JinBa1 · 2026-06-13T00:39:09Z

@claude review this PR

claude · 2026-06-13T00:39:21Z

Claude finished @JinBa1's task in 5m 37s —— View job

PR Review: `feat/engine-hardening`

Summary: Solid hardening pass — the three pillars (agent-legible errors, blocking-phase timeout, truncation metadata) are coherent and well-scoped. All 382 tests pass, the ErrorCode/QueryExecutionException plumbing is correct, and the centralized error-construction pattern (PlanContext.unknownColumn, DBCatalog.unknownTable) is a good design choice. A few issues worth addressing before merge:

Bugs / Correctness

1. LimitOperator.peekForMore() silences INTERNAL errors

peekForMore() catches all QueryExecutionException, including ErrorCode.INTERNAL (engine bugs). If a bug manifests exactly on the peek-past-the-cap tuple, the exception is swallowed and truncated = true is returned — hiding a real bug from the caller.

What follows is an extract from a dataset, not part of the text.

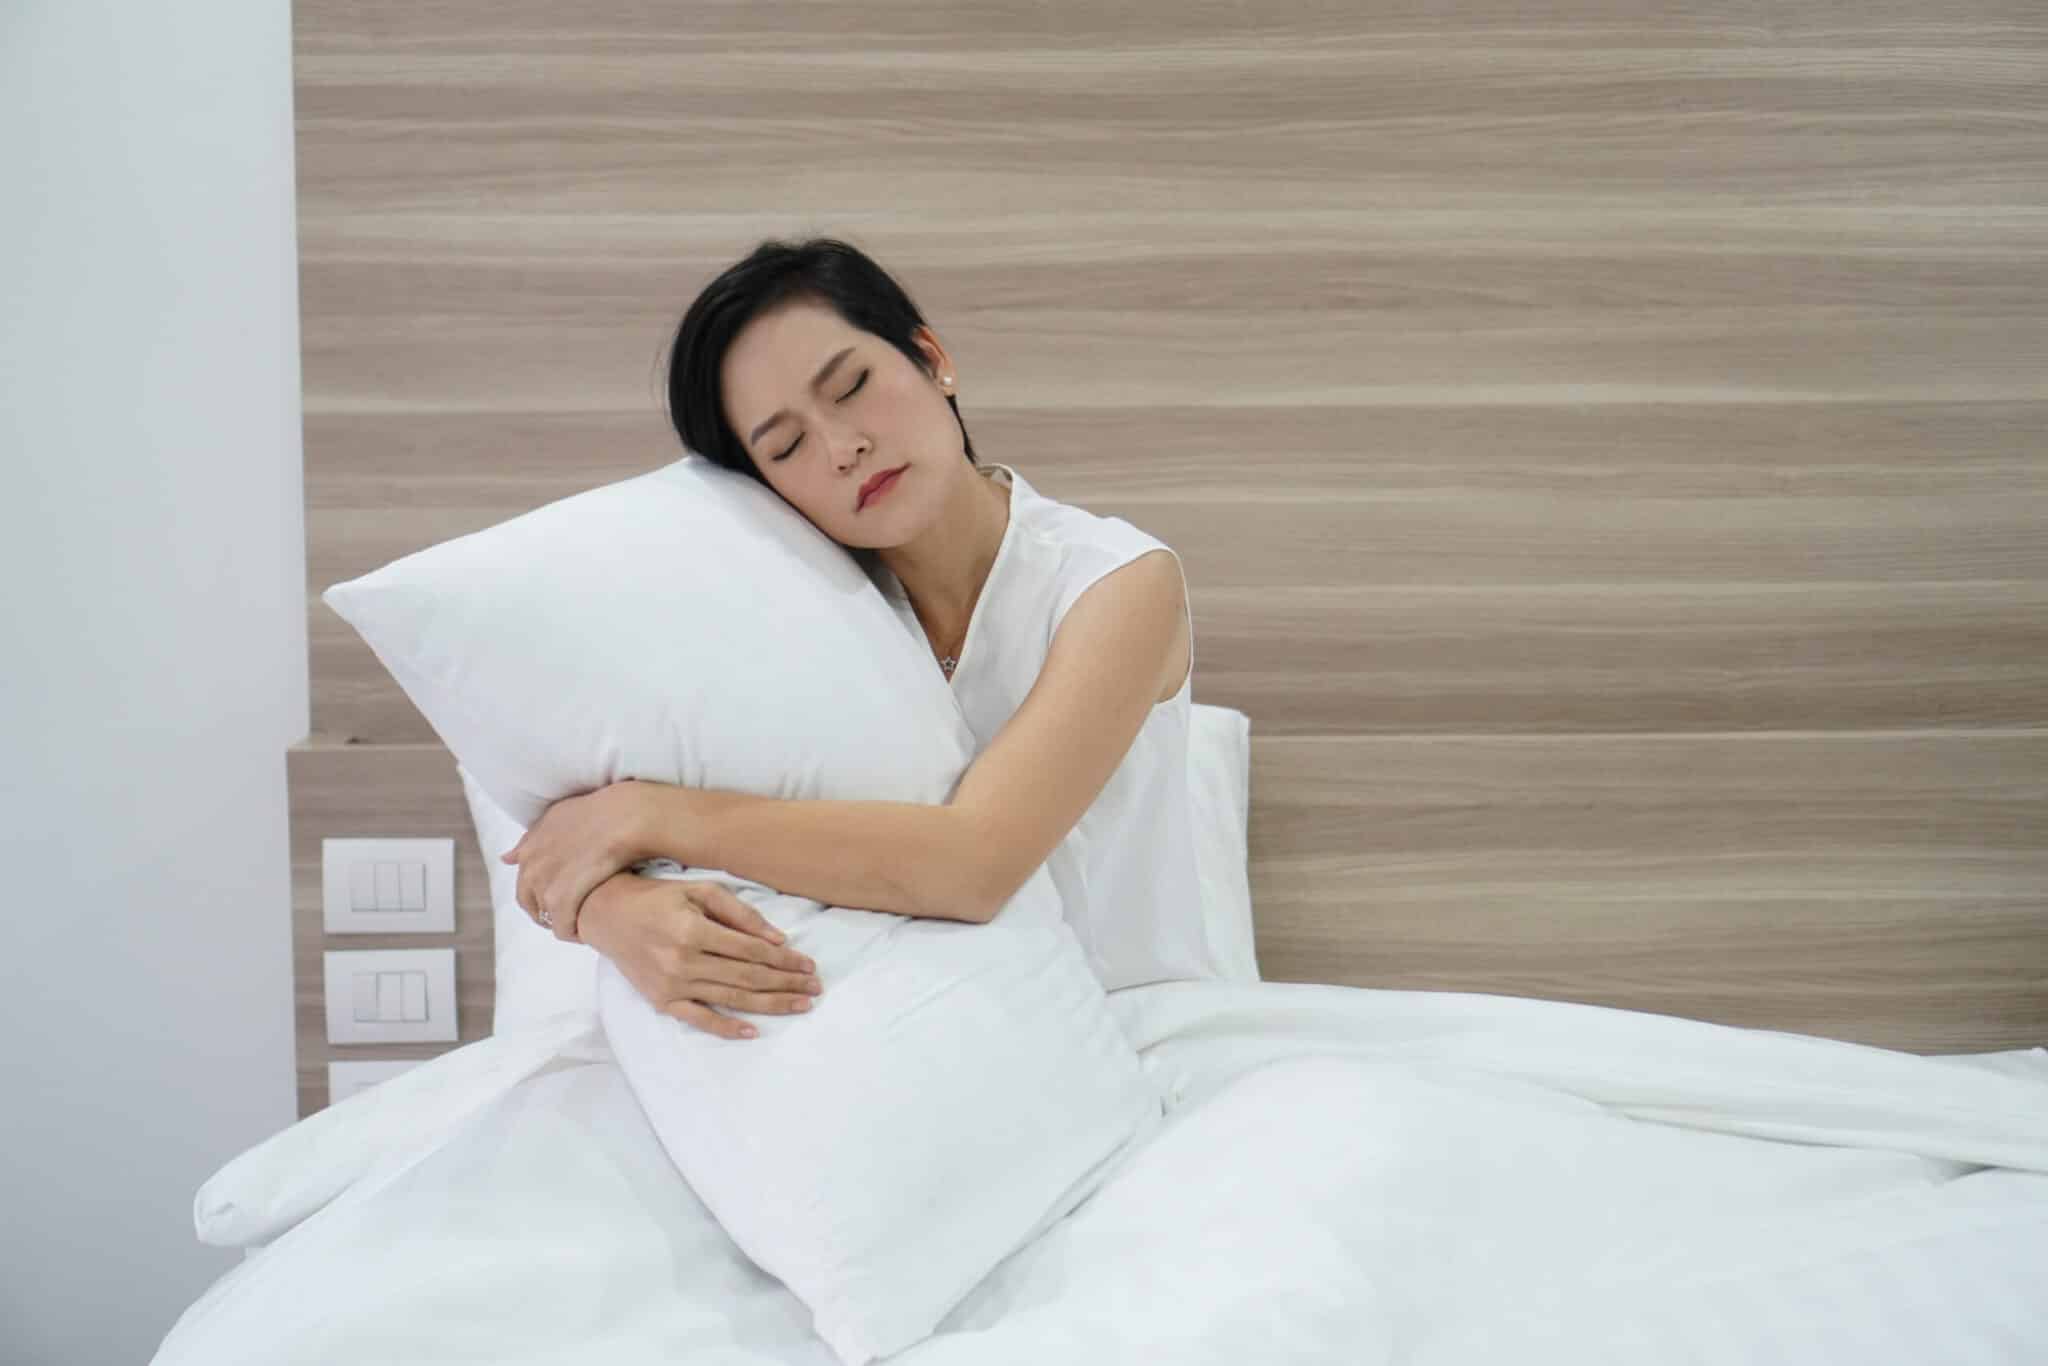 นอนกรน, เลเซอร์แก้นอนกรน, รักษาอาการกรน, เลเซอร์นอนกรน, วิธีแก้การนอนกรนผู้หญิง, แก้อาการนอนกรนผู้หญิง

// LimitOperator.java ~L60
} catch (QueryExecutionException e) {
    // INTERNAL errors are silently swallowed here
    truncated = true;
}

The comment correctly describes the intent for DATA_ERROR/BUDGET_EXCEEDED, but catching INTERNAL goes too far. Consider rethrowing internal errors:

} catch (QueryExecutionException e) {
    if (e.code() == ErrorCode.INTERNAL) throw e;
    truncated = true;
}

Fix this →

Design Issues

2. QueryResult factory methods are package-private

QueryResult.complete() and QueryResult.truncated() have no visibility modifier (package-private). The REST gateway mentioned in the PR description will live in a different package and won't be able to call these. Should be public static.

// QueryResult.java L15
static QueryResult complete(long rows) {       // should be public static
static QueryResult truncated(long rows) {      // should be public static

Fix this →

3. run() discards execute()'s return value

BlazeDB.java line 83 calls execute(rootOp, args[2]) as a void statement, silently discarding the QueryResult. Truncation metadata is already printed inside execute(), so CLI users still see it — but any future programmatic wrapper that calls run() gets no structured result back. At minimum, consider returning QueryResult from run() rather than just an int exit code.

Minor Issues

4. Implicit long overflow in checkDeadline()

// QueryBudget.java ~L65
deadlineNanos = System.nanoTime() + timeoutMs * 1_000_000;

timeoutMs is Long; the multiplication unboxes to long * int. For values above ~9.2 × 10¹² ms (impractical, but a maintenance trap), this overflows silently. Use 1_000_000L to make the arithmetic explicit:

deadlineNanos = System.nanoTime() + timeoutMs * 1_000_000L;

5. ExpressionPreprocessor error message format diverges from PlanContext.unknownColumn()

When a column isn't found during preprocessing (line ~182):

// ExpressionPreprocessor.java
"Column '" + columnName + "' not found in " + tableName + ". Available: ..."

vs. PlanContext.unknownColumn():

"Column '" + tableName + "." + columnName + "' not found. Available: ..."

Two different formats for the same UNKNOWN_COLUMN error, breaking the "single construction site" principle the PR correctly establishes elsewhere. The preprocessor should call PlanContext.formatColumns(DBCatalog.getInstance().getDBSchemata(tableName)) but wrap the message via the same helper, or reuse ctx.unknownColumn() directly.

Test Coverage Gaps (matching Codecov report)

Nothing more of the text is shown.